Parallel Analytical Model for Frequent Itemset Mining

DOI : 10.17577/IJERTCONV5IS20012

Download Full-Text PDF Cite this Publication

Text Only Version

Parallel Analytical Model for Frequent Itemset Mining

Poorva K

Information Science and Engineering

Anushree H K

Information Science and Engineering

Mahesha K V

Information Science and Engineering

VVCE, Mysuru

VVCE, Mysuru

VVCE, Mysuru

Pavithra T R

Vinutha D C

Chandini S B

Information Science and Engineering

Assistant Professor

Assistant Professor

VVCE, Mysuru Information Science and Engineering Information Science and Engineering

VVCE, Mysuru VVCE, Mysuru

Abstract The data generated in real world applications in recent days are quite huge and processing and analyzing those data has become a challenging task. For any analytical and inference engine finding frequent itemsets turns out to be a major functionality. Frequent itemset mining is performed usually with the help of association rule mining technique in data mining. Generally the results obtain from these techniques are large and diverse which makes it difficult for an inference engine to reach a conclusion. One of the ideal solutions for handling such datasets is by devising a parallel processing system to efficiently run the data mining approaches and obtain a more accurate and easily analyzable output. The research carried out here aims at designing and developing parallel analytical model for frequent itemset mining in big data by integrating R on Hadoop.

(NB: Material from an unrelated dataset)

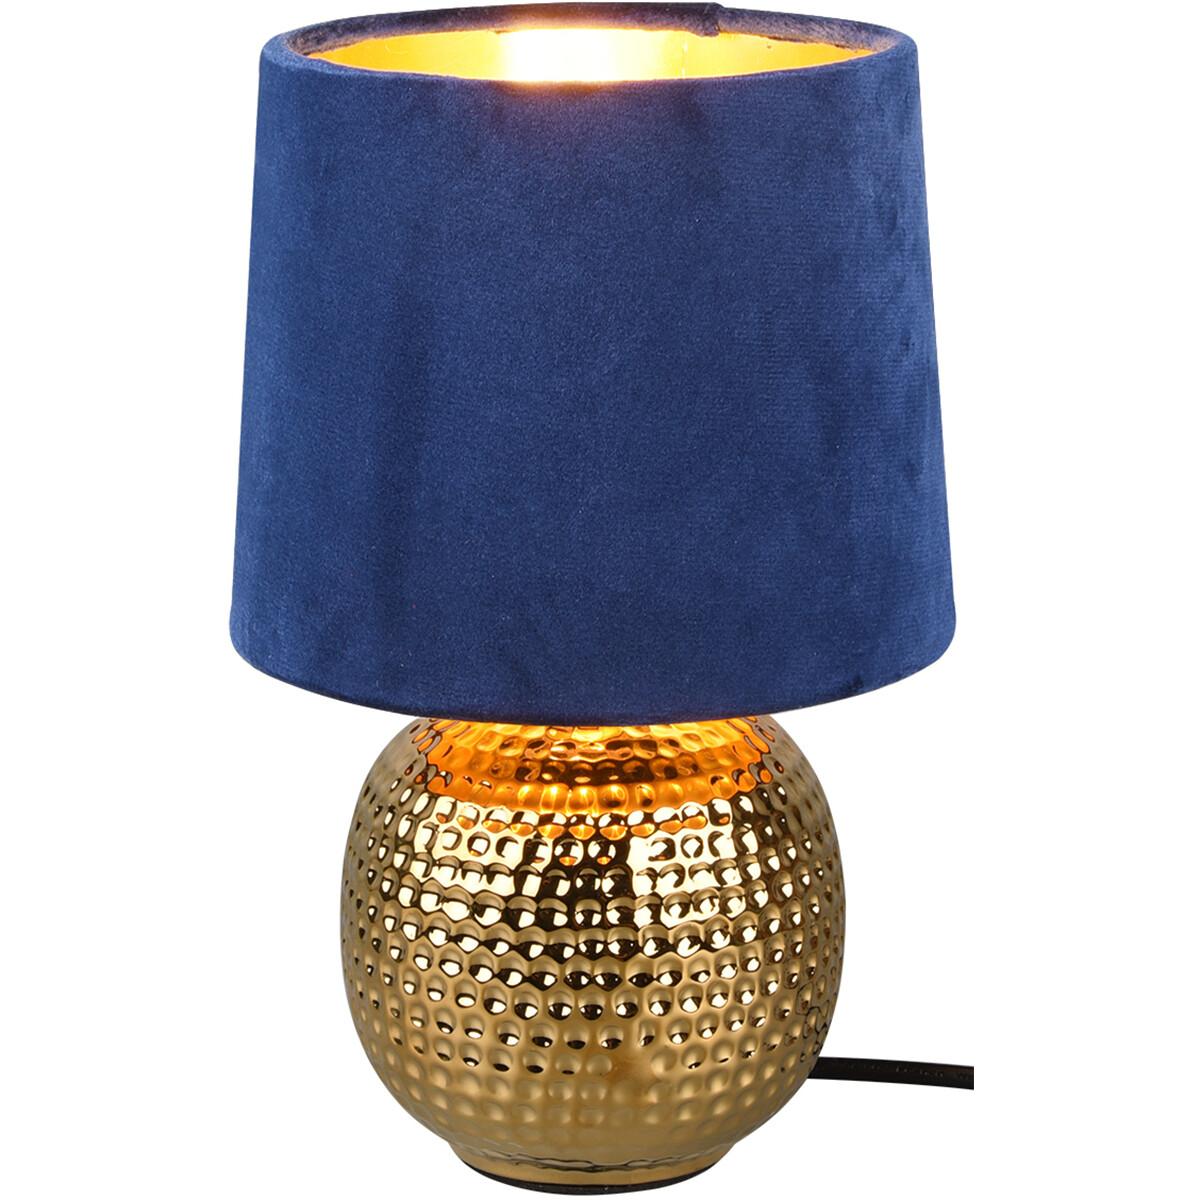 LED Tafellamp - Trion Sofia - E14 Fitting - Rond - Mat Blauw - Keramiek

KeywordsAssociation rule mining, parallel mining algorithms, Inference engine, Hadoop

I INTRODUCTION

Big data: everybody is by all accounts discussing it, however what is big data truly? How is it changing the path scientists at organizations, non-benefits, governments, foundations, and different associations are finding out about their general surroundings? Where is this information originating from, how is it being prepared, and how are the outcomes being utilized? There is no hard and fast rule about precisely what estimate a database should be all together for the data within it to be viewed as "big." Instead, what ordinarily characterizes big data is the requirement for new methods and instruments so as to have the capacity to process it. With a specific end goal to utilize big data, you require programs which traverse numerous physical as well as virtual machines cooperating in show so as to process the greater part of the data in a sensible traverse of time. Getting programs on different machines to cooperate in a proficient way, so that each program knows which segments of the data to process, and afterward having the capacity to put the outcomes from the majority of the machines together to comprehend an expansive pool of data takes unique programming procedures. Since it is normally substantially speedier for projects to get to data put away locally rather

than over a system, the circulation of data over a bunch and how those machines are arranged together are additionally vital contemplation which must be made when pondering big data issues.

Apache Hadoop was destined to improve the use and understand significant issues of big data. The web media was producing heaps of data regularly, and it was ending up noticeably extremely hard dealing with the data of around one billion pages of substance. All together of progressive, Google created another philosophy of preparing data prevalently known as MapReduce. Later following a year Google distributed a white paper of Map Reducing system where Doug Cutting and Mike Cafarella, motivated by the white paper and accordingly made Hadoop to apply these ideas to an open-source programming structure which bolstered the Nutch web index extend. Considering the first contextual investigation, Hadoop was outlined with considerably easier capacity framework offices. Apache Hadoop is the most critical structure for working with Big Data. Hadoop greatest quality is adaptability. It upgrades from working on a single node to thousands of nodes without any issue in a seamless manner.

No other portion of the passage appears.